Esta comprensión aparece ya en la tradición patrística. André Paul
muestra que los Padres de la Iglesia designaron muy pronto los textos bíblicos
como “Escrituras santas” o “Escrituras divinas”, expresando así su convicción
acerca del origen sobrenatural de estos libros[10].
3.2
Πᾶσα προφητεία γραφῆς “Toda profecía de Escritura”
La expresión griega πᾶσα προφητεία γραφῆς puede traducirse literalmente
como “Toda profecía de Escritura”. El genitivo γραφῆς puede comprenderse
como “Toda profecía contenida en la Escritura”; o como “Toda
Escritura que posee carácter profético”.
En ambos casos aparece una estrecha relación entre Escritura y
revelación divina. Para 2 Pedro, la Escritura posee autoridad porque conserva
la palabra pronunciada por hombres movidos por Dios.

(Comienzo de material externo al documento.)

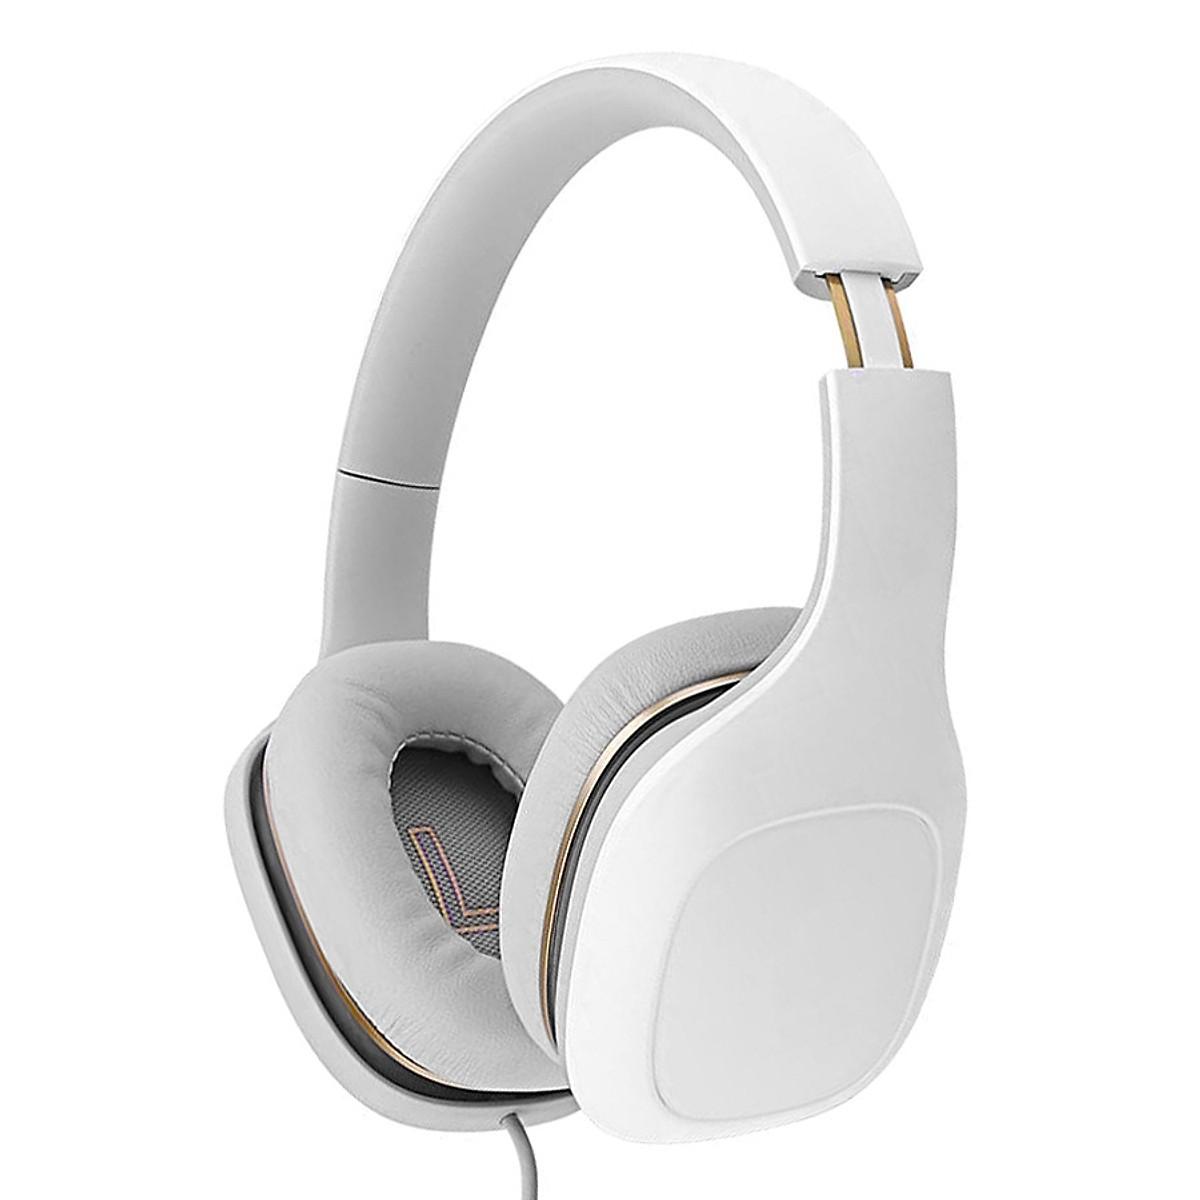 tai nghe chup tai xiaomi mi headphones comfort

La profecía bíblica, por
tanto, no es simplemente una reflexión religiosa humana, sino una palabra que
nace bajo la acción del Espíritu Santo.
3.3
Ἰδίας ἐπιλύσεως οὐ γίνεται “No procede de interpretación propia”
El texto griego afirma πᾶσα προφητεία γραφῆς ἰδίας ἐπιλύσεως οὐ γίνεται.

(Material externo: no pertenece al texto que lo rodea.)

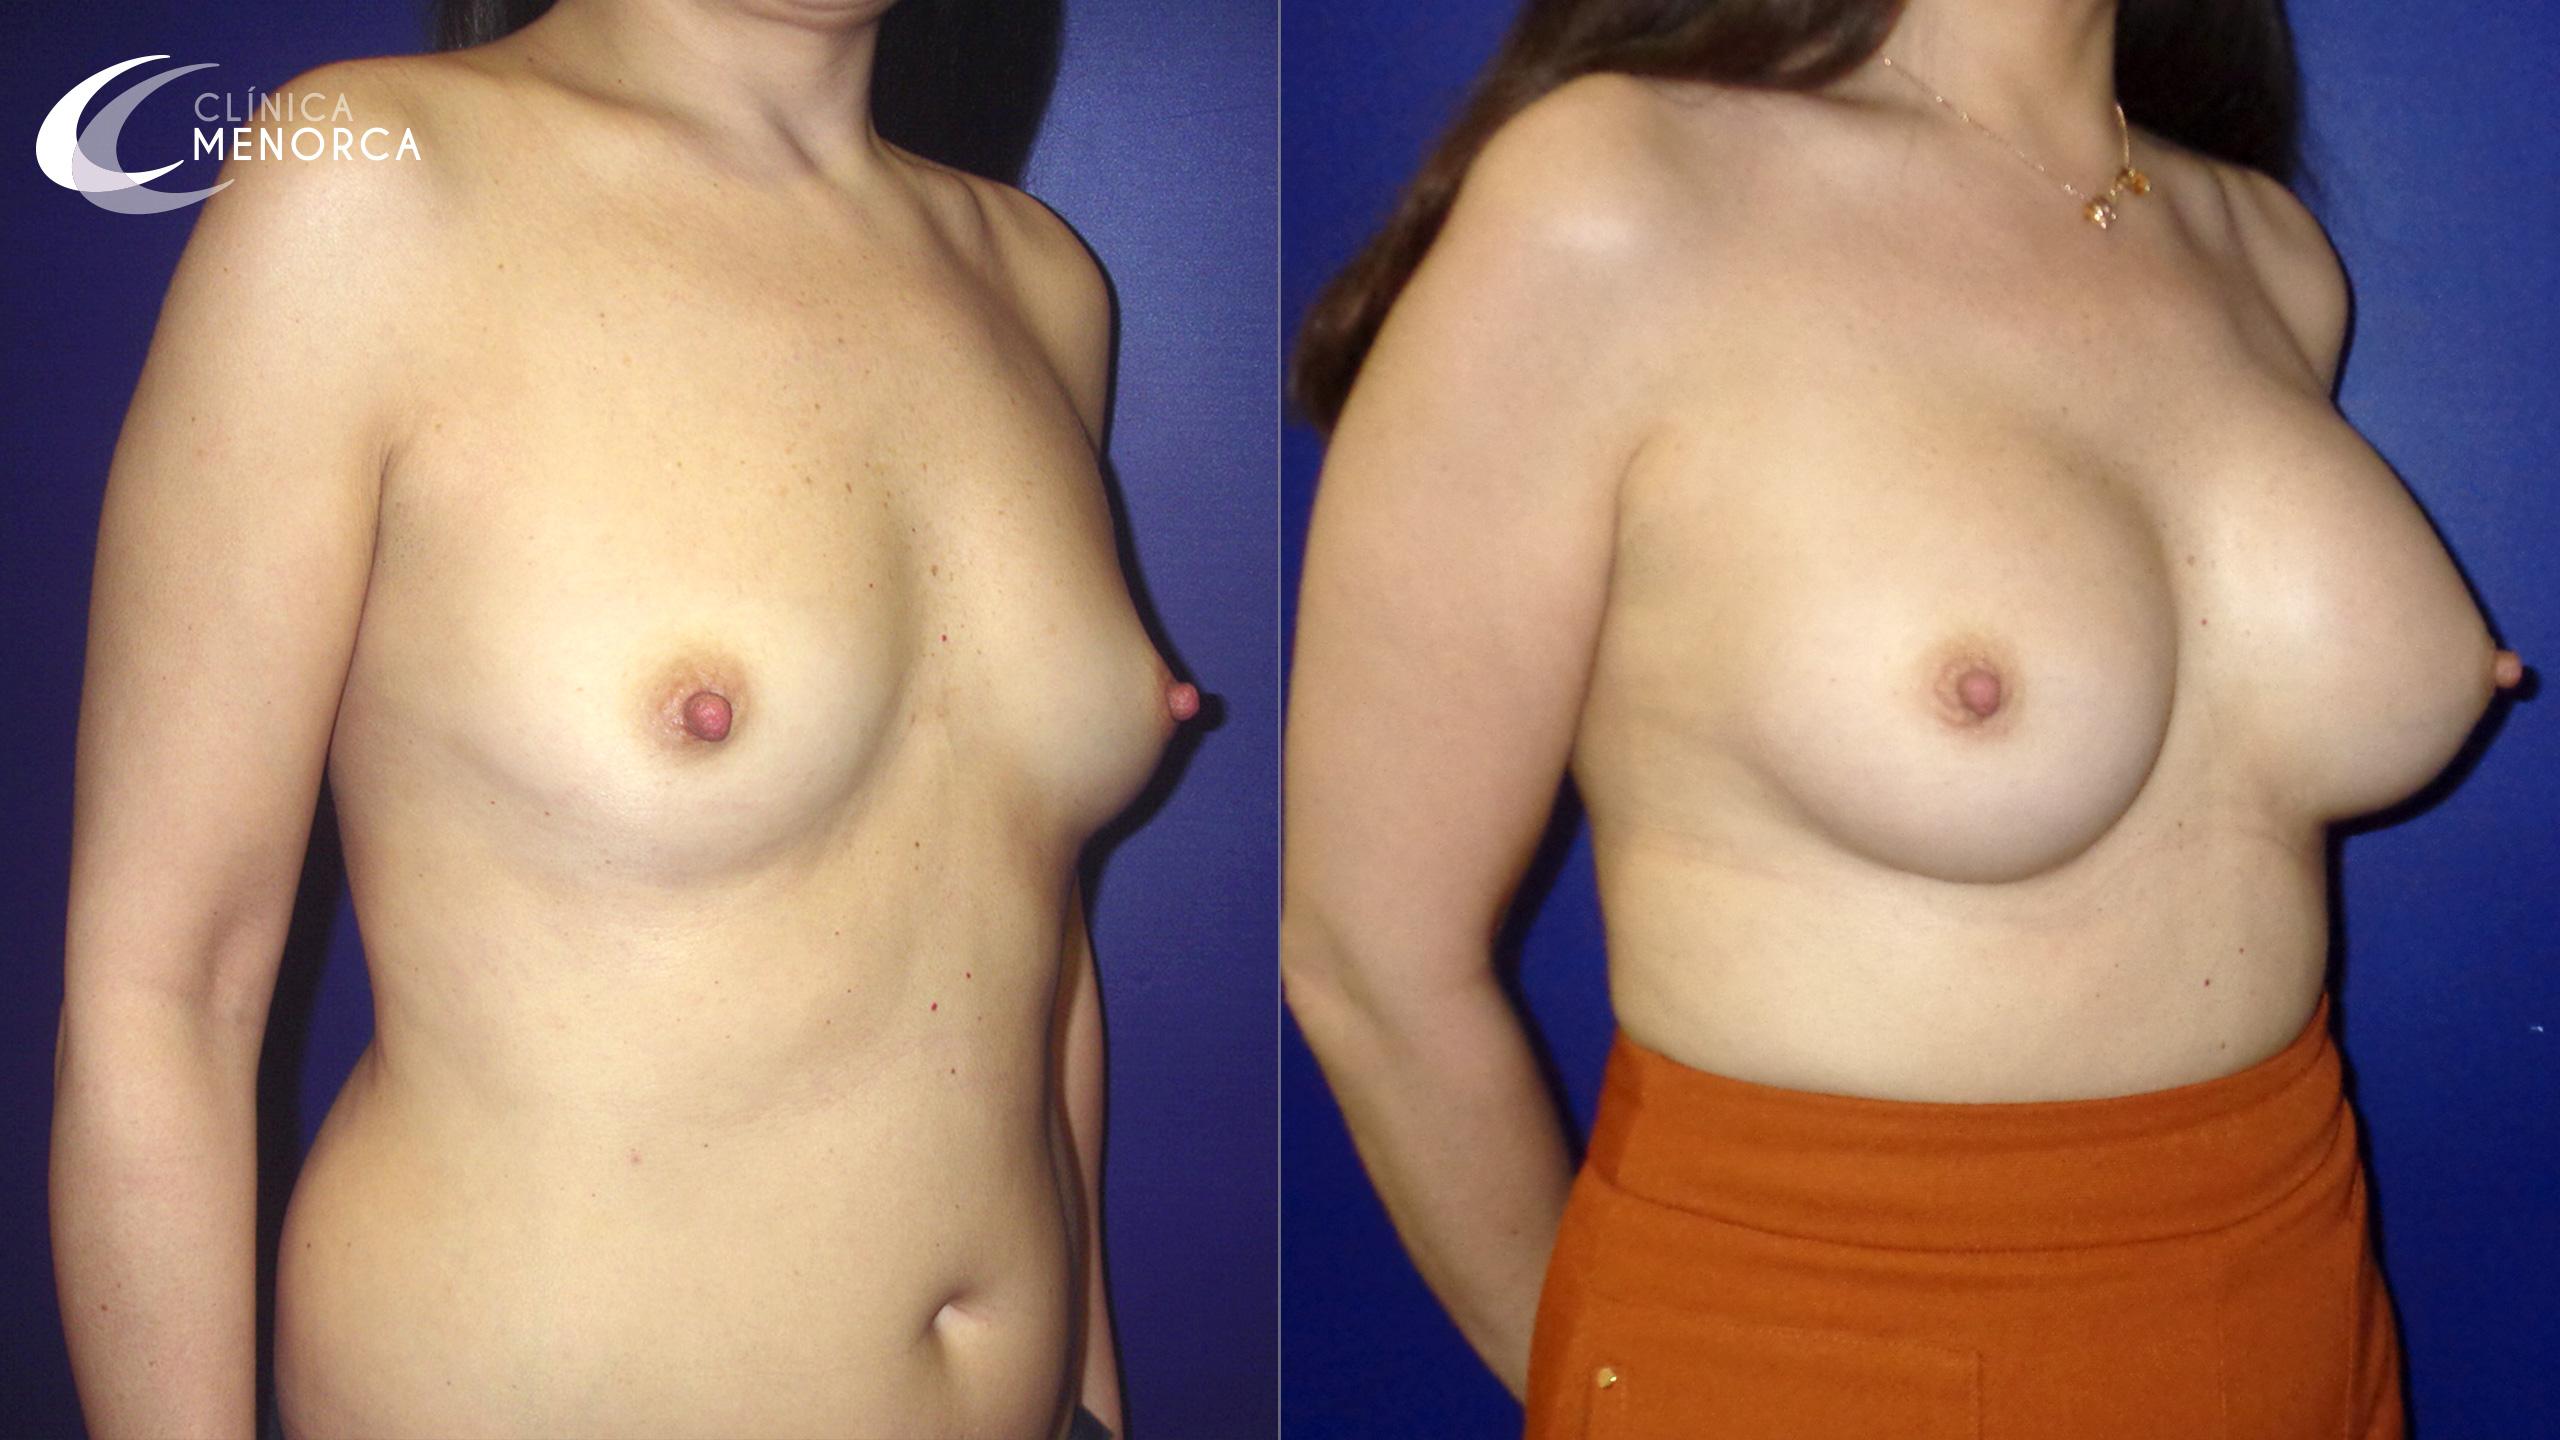 Pechos operados fotos de antes y después

Literalmente “toda profecía de Escritura no llega a ser de interpretación
propia”. Uno de los términos más discutidos del pasaje es ἐπίλυσις
(epílysis), que puede traducirse como explicación, interpretación, solución, aclaración.
La dificultad consiste en determinar si Pedro está hablando
principalmente de la interpretación posterior de la Escritura realizada por los
lectores o del origen mismo de la profecía. Una primera interpretación entiende
el texto como una advertencia contra una lectura individualista de la
Escritura. Según esta perspectiva, la Palabra de Dios no debe ser separada de
la fe recibida por la comunidad creyente.
Desde una
perspectiva histórico-crítica, Rudolf Bultmann señala que esta advertencia
refleja la situación de la comunidad cristiana ante el riesgo de
interpretaciones arbitrarias de la Escritura. La profecía no puede ser
comprendida desde criterios puramente subjetivos, porque debe interpretarse de
acuerdo con aquello que constituye su fundamento: su origen en el Espíritu[11].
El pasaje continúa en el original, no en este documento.